From the bot point of view, posting is much better than commenting – it will be seen by all the community subscribers.

Community spam is much easier to target: if you promote your range of magic frying pans in the community gourmet_cooking, and your Viagra in erotic_art, then the results will probably be better than targeting a similar number of randomly-chosen users.

Also, the HTML content of posts is richer than what is allowed in comments, so drive-by infections are possible, too.

Some communities protect themselves from spamming by pre-moderating posts. Pre-moderation of content is an effective solution for fighting bots. However, popular communities are generally high-traffic, so pre-moderating each post is impractical. Pre-moderation of membership is usually used instead.

Pre-moderation on LiveJournal

Before approval, the moderator will look at each new member’s profile, trying to distinguish between legitimate users and bots.

Here’s an example:

LiveJournal profile

This screenshot was taken on 19 October 2010. The profile was created just one day before, has never posted, and never commented. This is obviously suspicious. Let’s keep looking:

LiveJournal profile

The profile has no friends, but has joined 227 communities since yesterday. This is obviously a bot, so we reject and ban it.

However, not all bots are this easy to spot. Botmasters can use numerous tricks to create more realistic-looking bots:

* Be patient. Create a bot in advance, for use months later.

* Be creative. Steal content from other blogs, making the bot look legitimate. (The API helpfully allows you to backdate your entries.)

* Be interesting. Add interests to the bot which look relevant to the community subject.

* Be local. Make the bot look as though it belongs in the country or region relevant to the community.

* Be friendly. Trick individual users into befriending the bot, so its balance of “Friends” to “Friend of” looks healthy.

Some bots show considerable ingenuity in building up fake friendships. As an experiment, I created two similar accounts. One did not respond to befrienders; the other befriended back everyone who asked.

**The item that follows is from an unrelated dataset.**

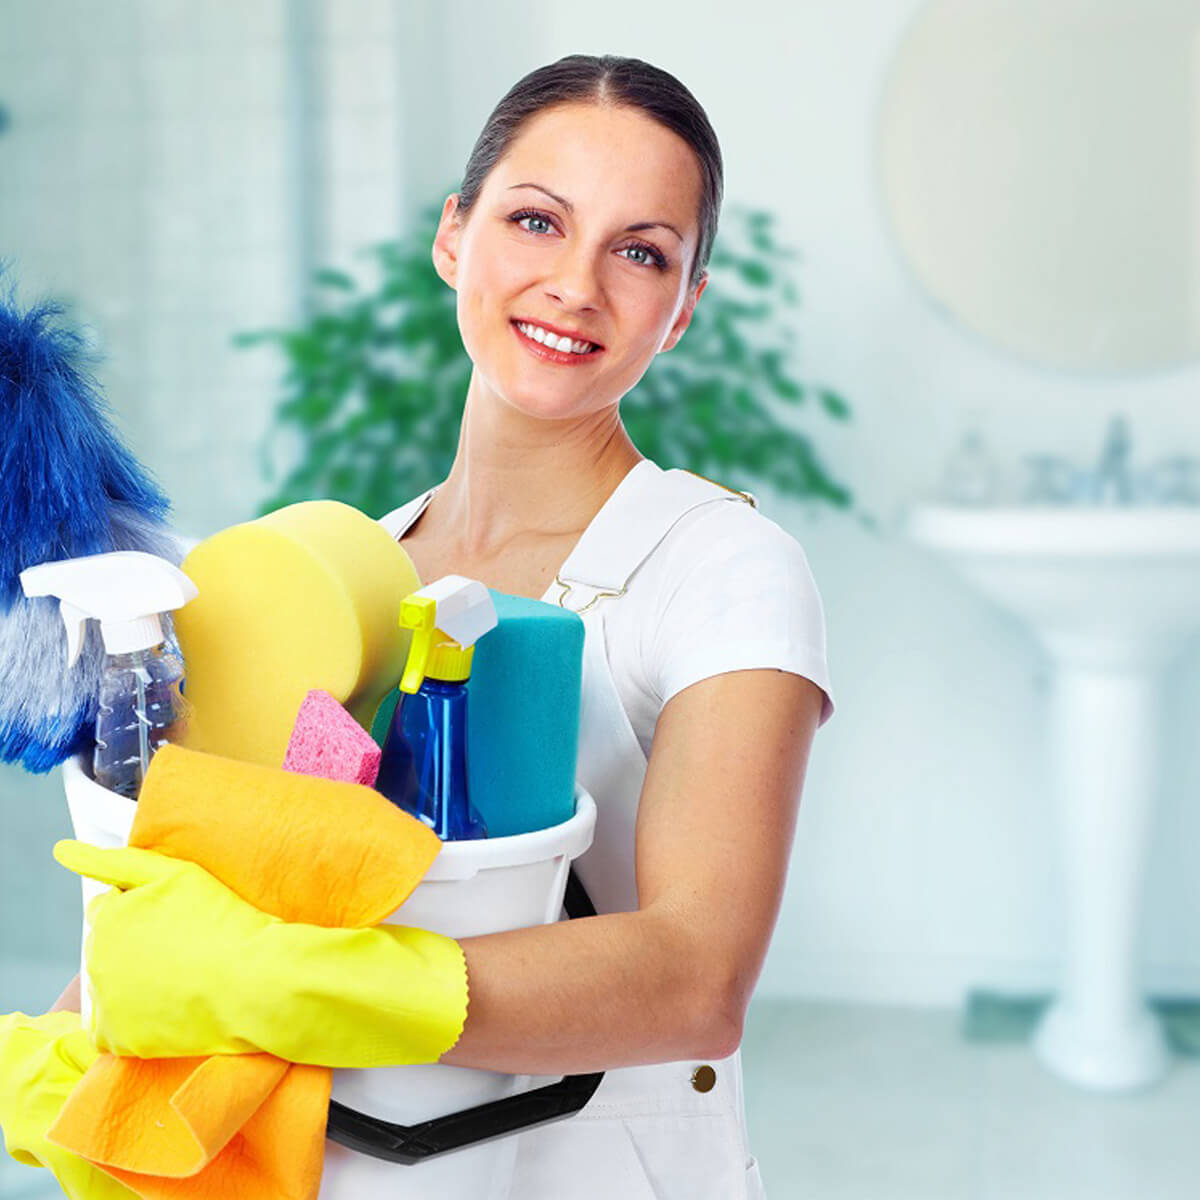 Why Choose Sparkle End Of Lease Cleaning In Perth?

Once the “friendly” account had added a couple of bots, the number of bots befriending that account went up rapidly compared to the unfriendly one. Bot control programs recognise which accounts are more promising in improving their reputation. Most bots remove you as a friend if you haven’t added them within 24 hours, thus keeping their “Friends” to “Friend of” ratio healthy.

MimicA really smart bot will use mimicry: before knocking on your door, it will copy some of your interests into its profile. It will analyse your list of friends, and try to befriend some of them first.

If the bot has friends in common with you, they will be highlighted in the bot’s profile, which may make you more relaxed about adding the bot to your list of friends.

Building on this approach, community bots will attempt to reach as many community members as possible before trying to join the community itself.

Bots also copy the common human behaviour of reading and commenting on someone’s blog before actually adding that person as a friend. A bot of this sort may only offer you friendship after a week or two of diligently “reading” your blog and leaving comments like “Well said, Sir!”

You are more likely to think you’ve seen this account before and actually held intelligent conversation with it. Vanity is the social engineers’ favourite trait.

Bots need to evolve constantly, to avoid recognisable behaviour patterns. Experienced users notice when names of new “friends” look computer generated, so the bots moved on from random letters and digits to using dictionaries and regularly varying their name generation algorithms.

They can now match stolen content to their declared interests and geographical location. They leave context-aware comments, depending on the specific blog entry.

To conclude, here is a quote from my (definitely human) friend, a man of various interests and moderator on several busy communities:

"Yesterday, someone asked to join both functional _programming and baroque_music. For a split second I felt a profound joy at having found my perfect soulmate. Such a shame it was a bot".